As we mentioned last month, the finishing line for Shefford’s flood defence scheme seems finally to be in sight. The project has now been formally adopted by the Environment Agency – something that for many years seemed unlikely – and the EA is holding a public engagement event on Thursday 18 April at Great Shefford School Hall. The doors will open at 5.30pm and there’ll be presentation at 6pm which will be repeated at 7pm, with the event finishing about 8pm. This will be your opportunity to find out about the construction programme and any other questions you may have.

If you would like to get in touch about the permanent scheme, please email GreatSheffordFAS@environment-agency.gov.uk.

Our last information is that the work is scheduled to start “in the spring” and that it will take “a few months.” The question should certainly be given a more precise answer by the time of the above-mentioned April meeting. Much depends on the weather and, in particular, the groundwater levels. These will have needed to have abated before the diggers move in. I understand that the pipes have already been bought by the EA so once the conditions are favourable there seems no reason to delay it. I imagine that they’ll want to crack on as soon as this happens as there’s no guarantee that another round of rainy weather won’t top up the aquifers again.
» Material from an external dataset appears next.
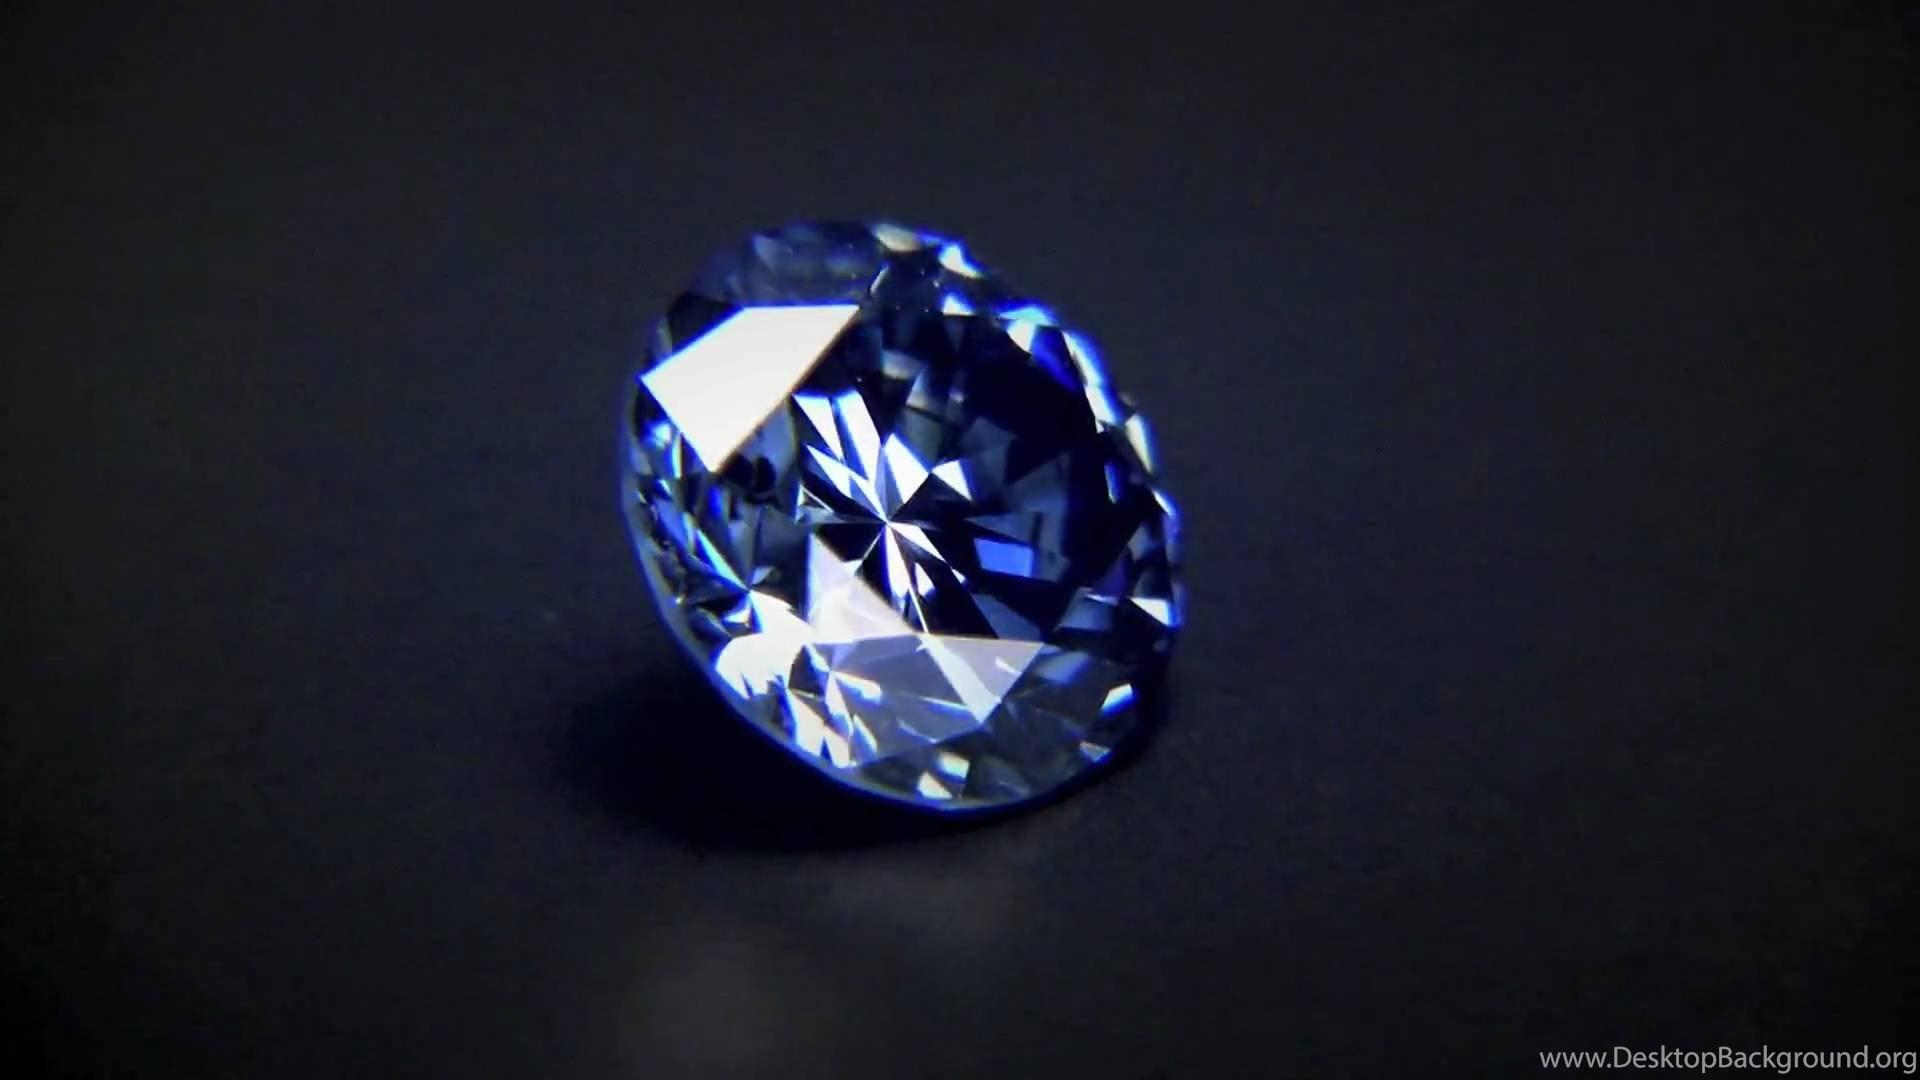 Blue Diamond 70ct Loosemov Youtube Desktop Background
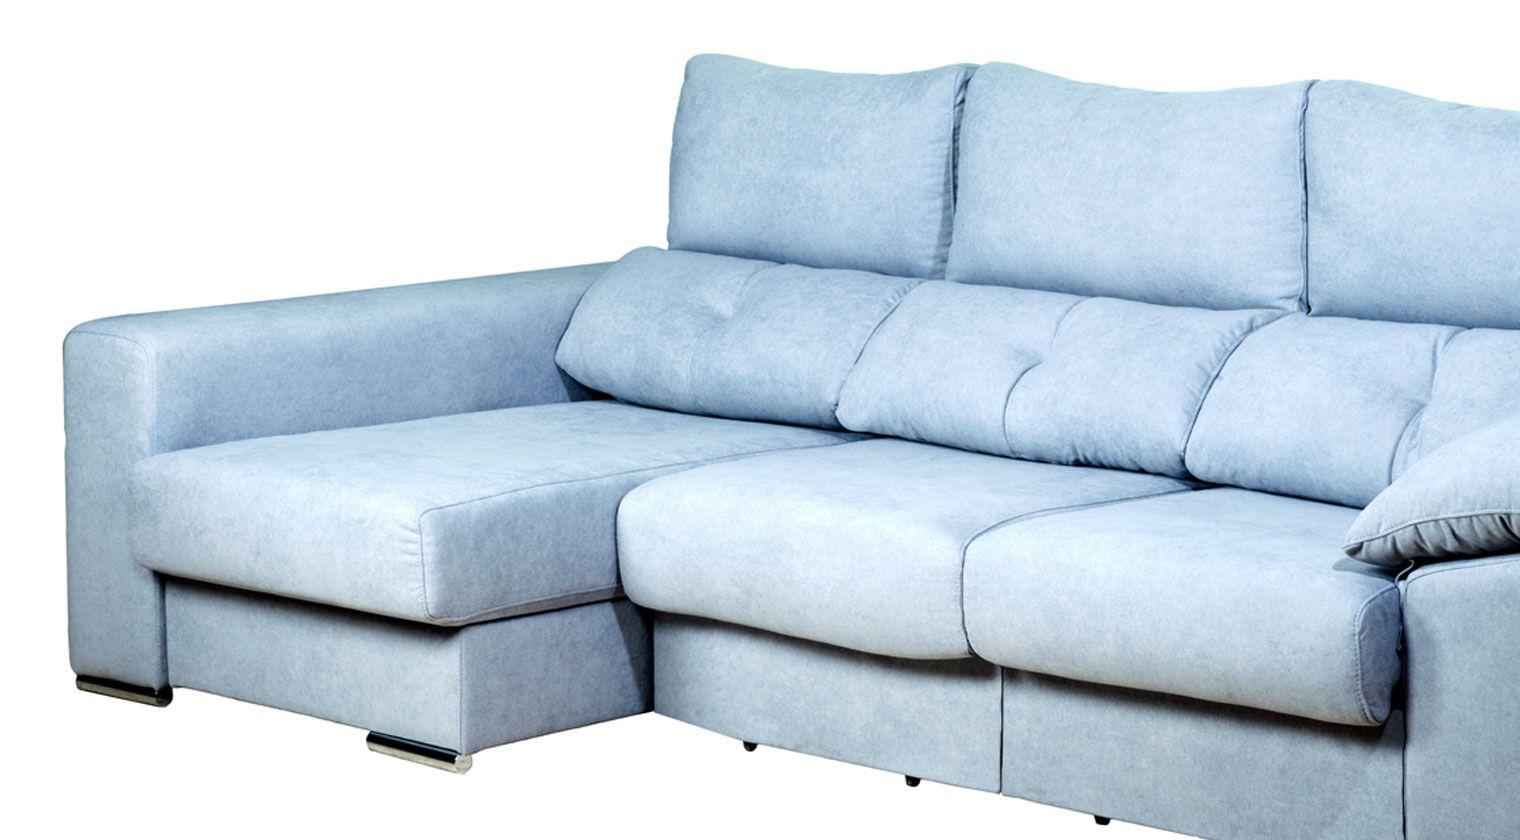 chaise longue tela herm s chaise longue tela On sofas vitello

Huge congratulations are due to Steve Ackrill and many others who continued to press to have the project started, particular during the long pause from the EA’s end which followed the village having raised its contribution to the project way back in October 2019.

March 2024 update

On 7 March 2024 we received an update for the Environment Agency about this scheme.

The spokesperson confirmed that planning permission had been granted on 29 January and the details can be seen here.

During the third week of February, The Environment Agency reported that it carried out treeworks along the track. This included removing one tree which was needed to be done prior to bird-nesting season. As per the planning application, there is a full planting scheme, including new hedging, which will be in place along the farm track once the pipeline and new channel have been constructed.

The EA has also put in four new temporary boreholes in the field alongside the A338 Wantage Road. These will be useful over the next few weeks to allow the EA to closely track when the groundwater levels start to fall (which is likely to be when the plants start to grow). The construction of the permanent works will be programmed in accordingly sometime later this spring.

Please save the date for the EA’s public engagement event on Thursday 18 April 2024. This will be in the early evening in the Shefford School hall (with kind thanks to the school for hosting us). This will be your opportunity to find out about the construction programme and any other questions you may have. If you would like to get in touch about the permanent scheme, please email GreatSheffordFAS@environment-agency.gov.uk.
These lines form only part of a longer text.